On 10/21/2021 1:20 PM, WM wrote:
> Gus Gassmann schrieb am Donnerstag, 21. Oktober 2021 um 01:58:14 UTC+2:
>> On Wednesday, 20 October 2021 at 18:04:03 UTC-3, Transfinity wrote:
>> [...]
>>> No, there are far less than aleph_0. Simply adhere to mathematics:
>>> For ***all*** FISONs: |ℕ \ {1, 2, 3, ..., n}| = ℵo .
>>> If you don't trust this simple and clear theorem, then I cannot help you.
>>> Similarly
>>> ∀n ∈ ℕ_def: |ℕ \ {1, 2, 3, ..., n}| = ℵo
>>> But ℕ \ {1, 2, 3, ...} = { }.
>>> The last line shows that not all natnumbers have an infinite distance from ω.
>> The last line shows again that you have no idea about mathematics. You switched quantifiers again.
>
> You cannot put parrot always the same sentence which you obviously have not understood at all. Fact is, whether you like it or not: There is nothing between {1, 2, 3, ...} and ω but much between every definable natnumber and ω.
>
> Regards, WM
>

SQUACK! So much discussion of on a chopped set of natural numbers, it is nauseating to see such stupidity, and WM cannot get it right.

He is like Chumley in Tennessee Tuxedo playing with 3 blocks, endsegment, FISON, an mystery block, over and over and over again.

https://www.youtube.com/watch?v=F3aDMChYPss

On 10/21/2021 2:17 PM, WM wrote:
> Jim Burns schrieb
> am Donnerstag, 21. Oktober 2021 um 01:07:28 UTC+2:
>> On 10/20/2021 5:10 PM, Transfinity wrote:

>>> This successorship would not stop at natural indices
>>> but would run through all ordinal numbers.
>>
>> Only if omega is finite.

>> Since omega is NOT finite, running to omega would
>> require a crossing-pair j,j+1 such that j is finite
>> and j+1 is infinite.
>
> You see your crossing-pair argument is invalid.

If the successorship runs _through_ ordinal 𝛂
on the way to ordinal 𝛃, then 𝛂 ∈ {0,...,𝛃}\{𝛃}
for {0,...,𝛃} which is totally-ordered, in which,
for each split, there is a crossing-pair 𝛄,𝛄+1,
and which begins at 0 and ends at 𝛃.

( If you mean something else, please say what it is.

𝛚 is the first infinite ordinal.

For each ordinal 𝛂 < 𝛚, the successorship runs
_through_ 𝛂 on the way _to_ 𝛂+1.
What the successorship runs through is
the essence of what we mean by finite.

𝛚 is the first infinite ordinal.
The successorship does not run _to_ 𝛚
If the successorship ran _to_ 𝛚, 𝛚 would be
included in what we mean by finite.

----
The successorship runs to all the things which the
successorship runs to.

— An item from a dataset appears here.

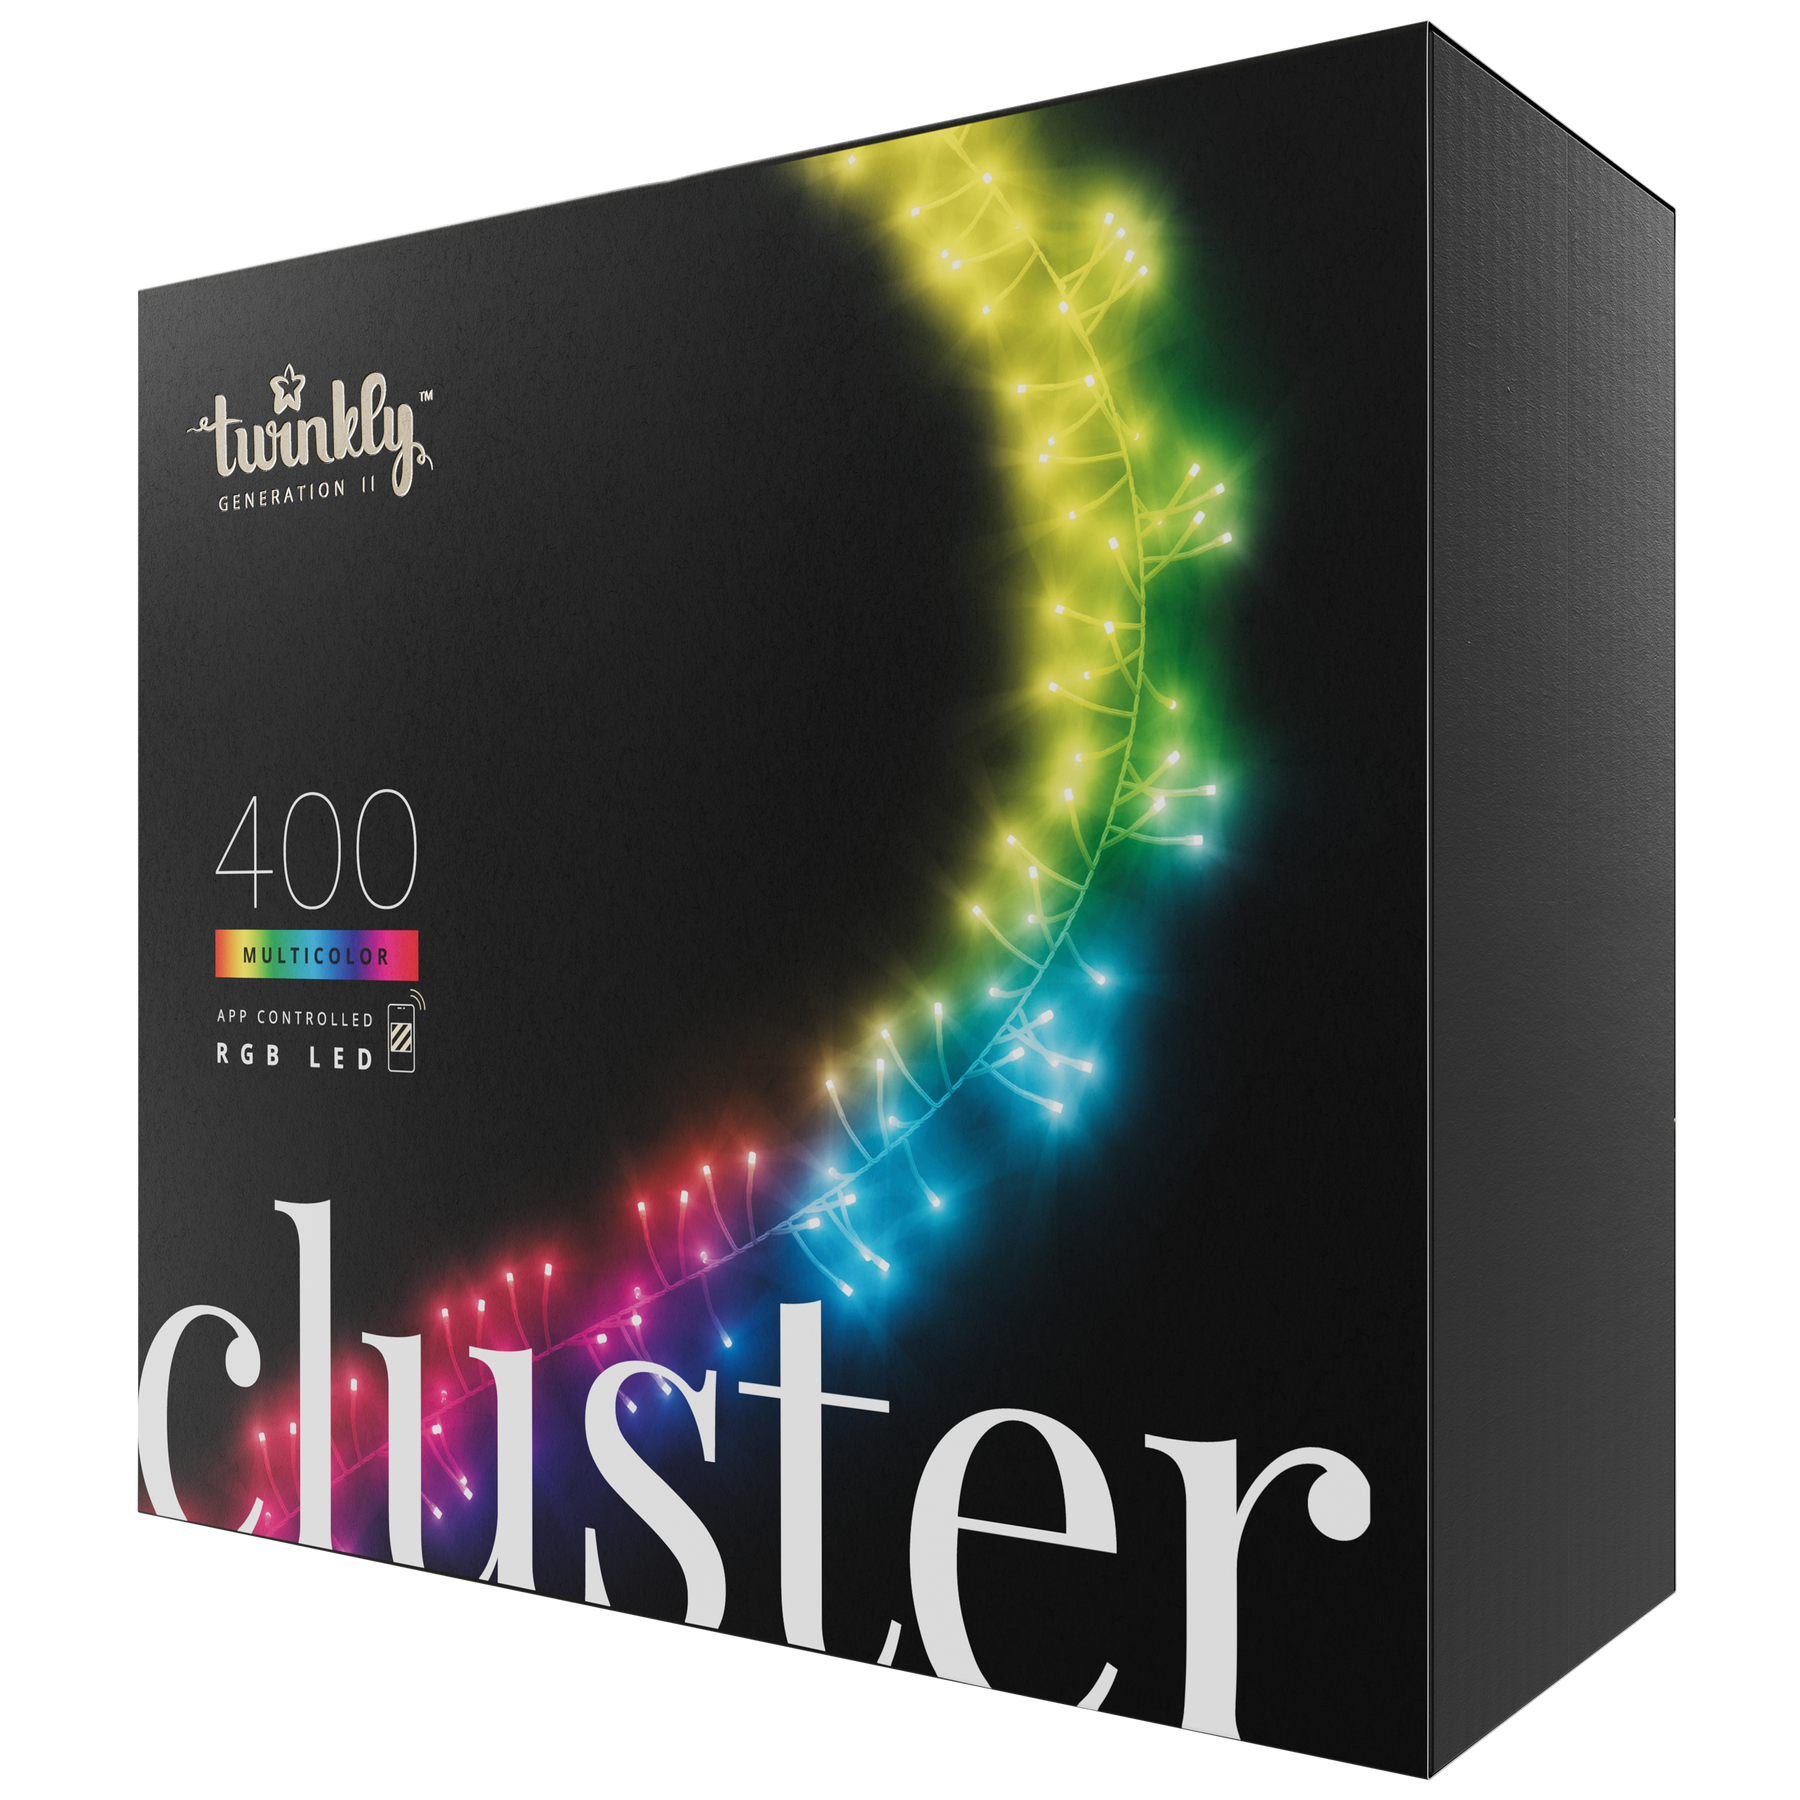 Cluster (многоцветное издание)

It does not run to anything
it does not run to. This seems like a useless observation.

It is slightly more useful to point out that the
successorship runs to the things we count with.
That is a good enough reason for us to distinguish between
things the successorship runs to and things it
does not run to.

That bit I keep repeating about splits and crossing-pairs
and beginning and ending is a description of being
something the successorship runs to. A good description
is useful for reasoning from truth-preserving-ly.